I agree with you that I am overdoing the feeding thing. The trouble is that she was given only Romaine lettuce her first 4 years, so now she doesn't recognize anything else as food (per Yvonne and Danny). Her only other "food" that she will eat is the weed Euphorbia Maculata, which I gave her all summer but is not growing in a Colorado winter climate. The prickly pear fruit was recommended by Vinke and Vetter in South American Tortoises, and they labeled Chaco's as "specialized eaters" and said that without prickly pear, the tortoises did not thrive or reproduce. Right now I am just trying to get her to eat enough to survive. She has never been a big eater (since we were basically starving and malnourishing her before we "got religion"), so the idea is to get her used to eating larger amounts of food and then gradually cut back on the fruit puree. I am hoping to do this in the spring when her weeds start growing again and I can put her in our neighbors' garden to graze on those.
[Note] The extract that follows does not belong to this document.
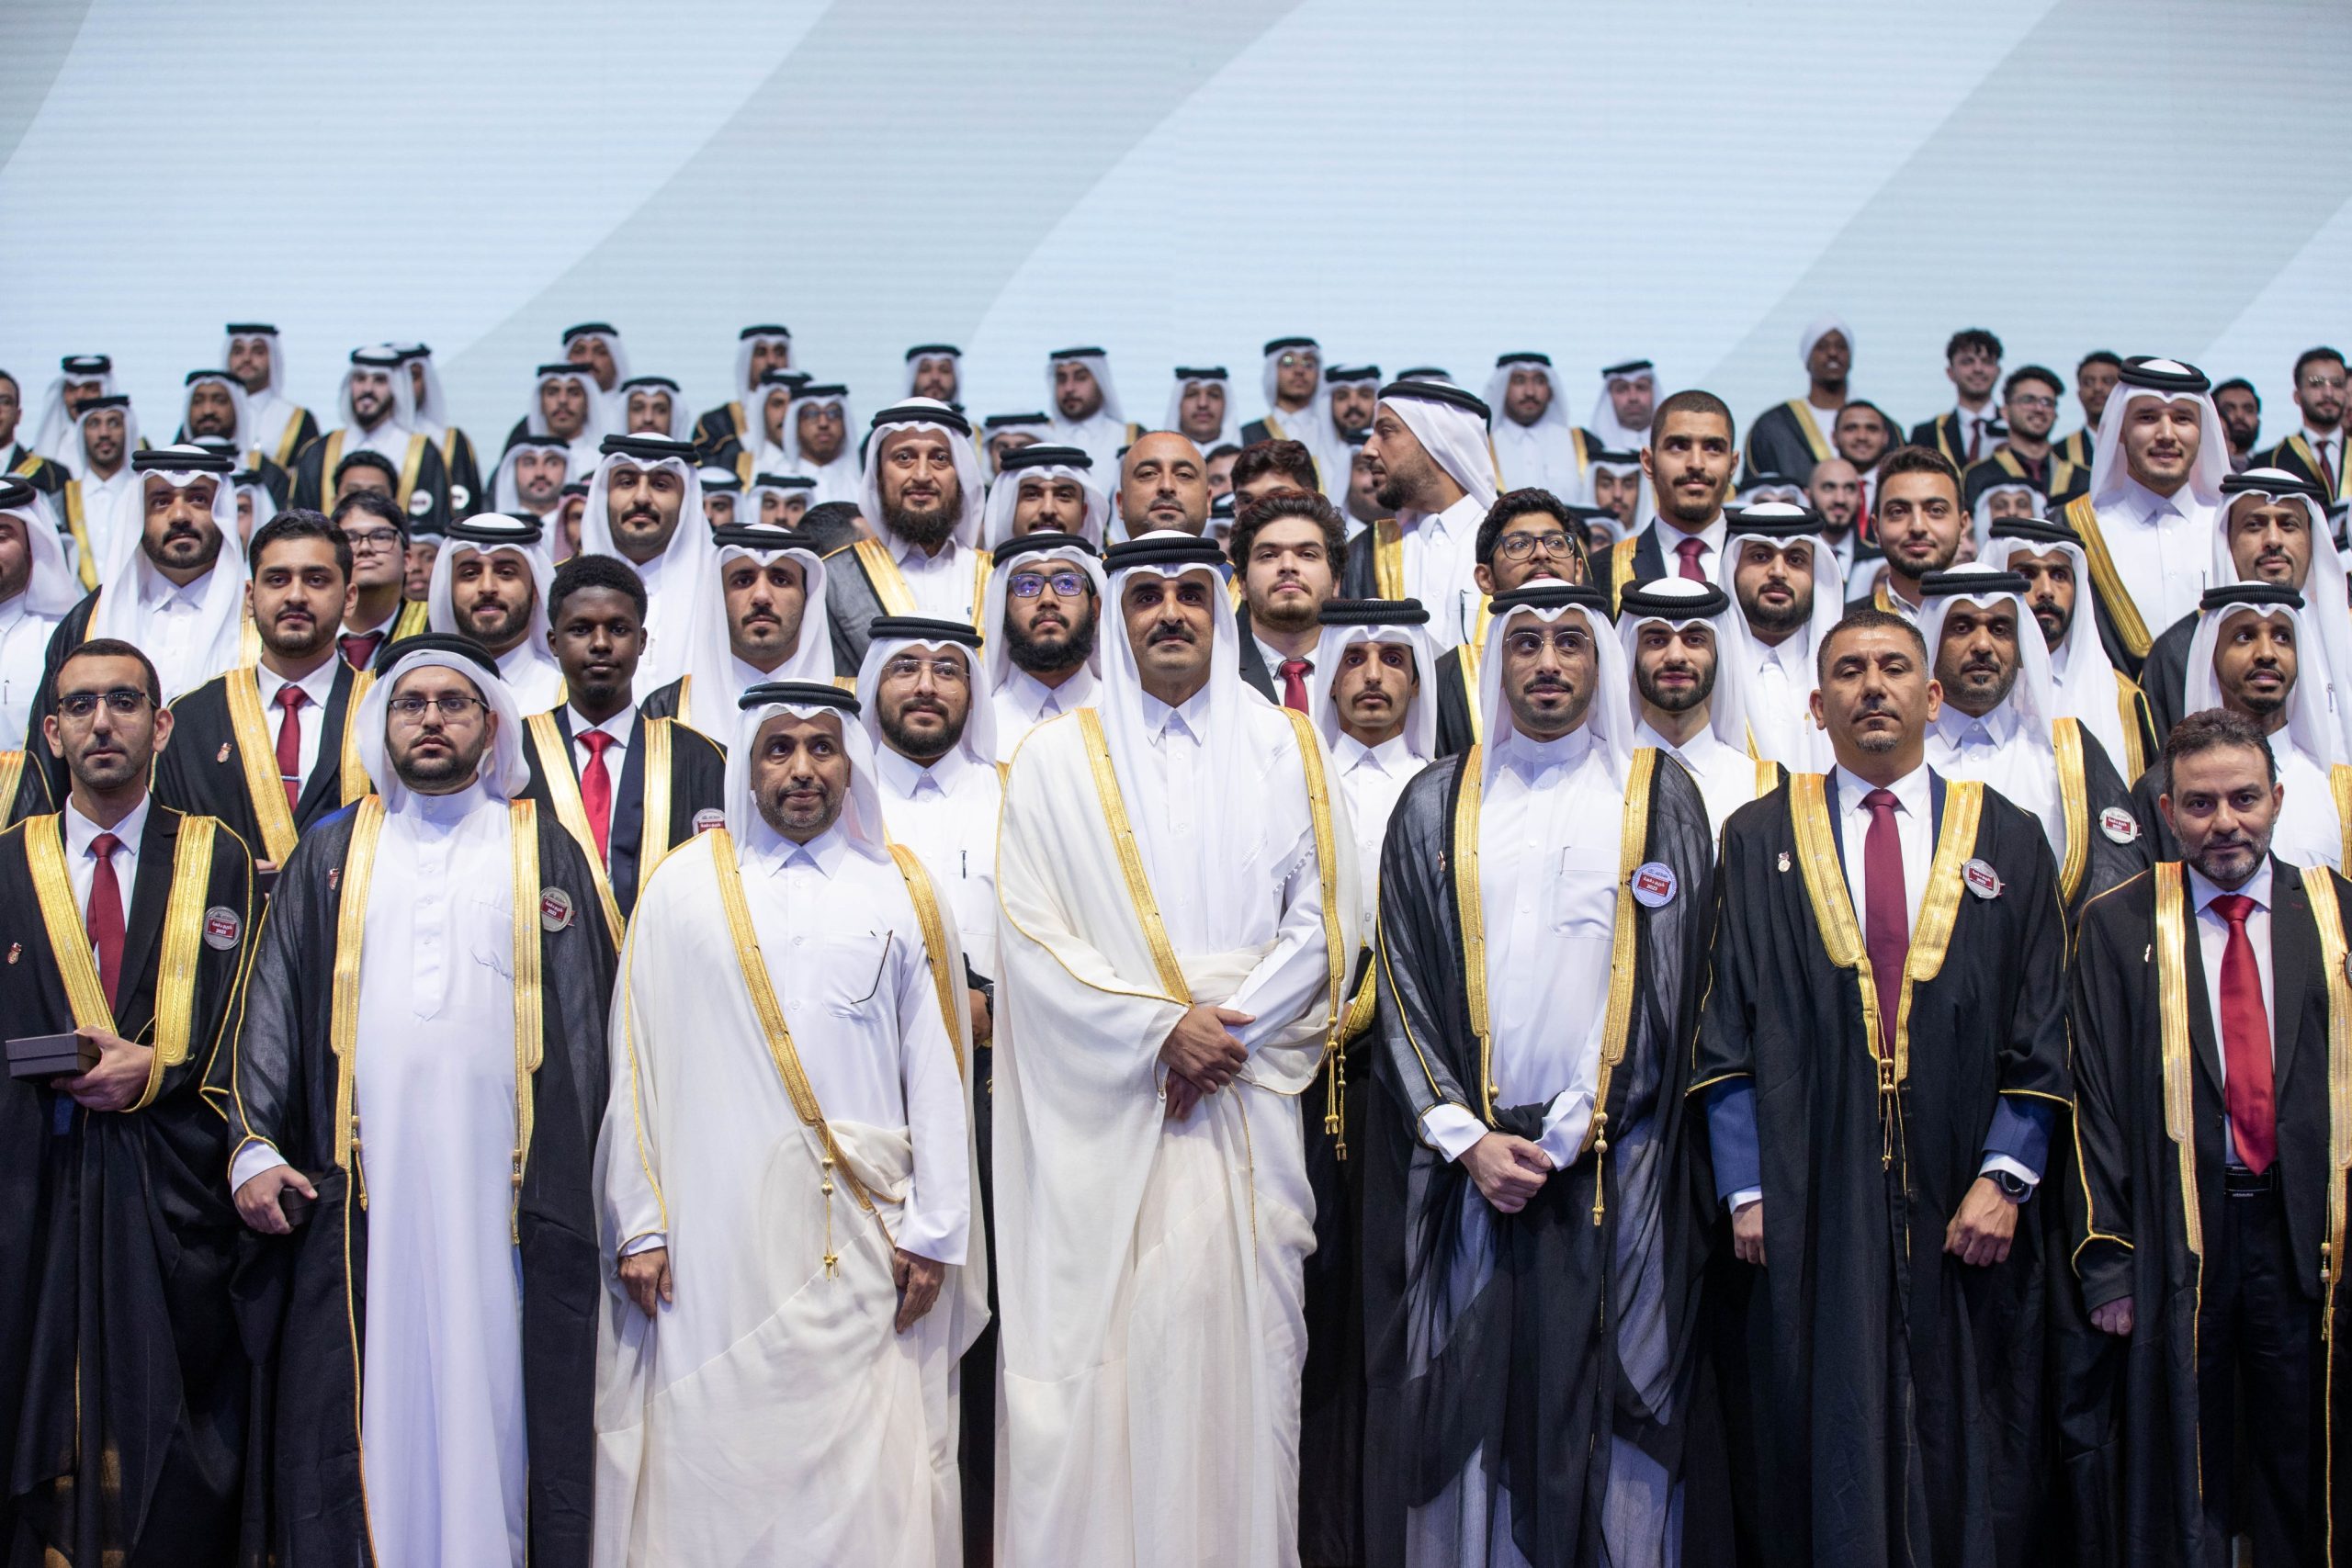 Hommage à plus de 100 diplômés distingués de l’Université du Qatar par le prince Tamim – Doha News

I completely agree with you that it is not a natural diet for any tortoise, even my Taco princess Bean!


----------



## Shelly (Nov 17, 2009)

dmmj said:


> lot lizards? explain please.



Prostitutes.


----------



## Maggie Cummings (Nov 17, 2009)

I'm sorry Stephanie, I thought she had gotten over that and had an appetite...I'll slink back into my corner now...


----------



## Stephanie Logan (Nov 17, 2009)

maggie3fan said:


> I'm sorry Stephanie, I thought she had gotten over that and had an appetite...I'll slink back into my corner now...



Not at all! If I follow your advice more often, maybe Taco will grow up to be like Bob! (Except without the toilet plunger appendage)


----------



## Yvonne G (Nov 17, 2009)

Hi Stephanie:

You have such a good sense of humor! I know I'm putting the pressure on you for future posts in saying this, but almost every one of your posts gives me a chuckle.

And its good to see that you are keeping a cool head about the care of your Little Taco. It must be exasperating to have to keep explaining it all the time. I love your signature line!

Yvonne


----------



## Stephanie Logan (Nov 18, 2009)

Thanks Yvonne. A compliment from the Food Goddess and keeper of a 100-Chelonian menagerie means quite a lot to me.


----------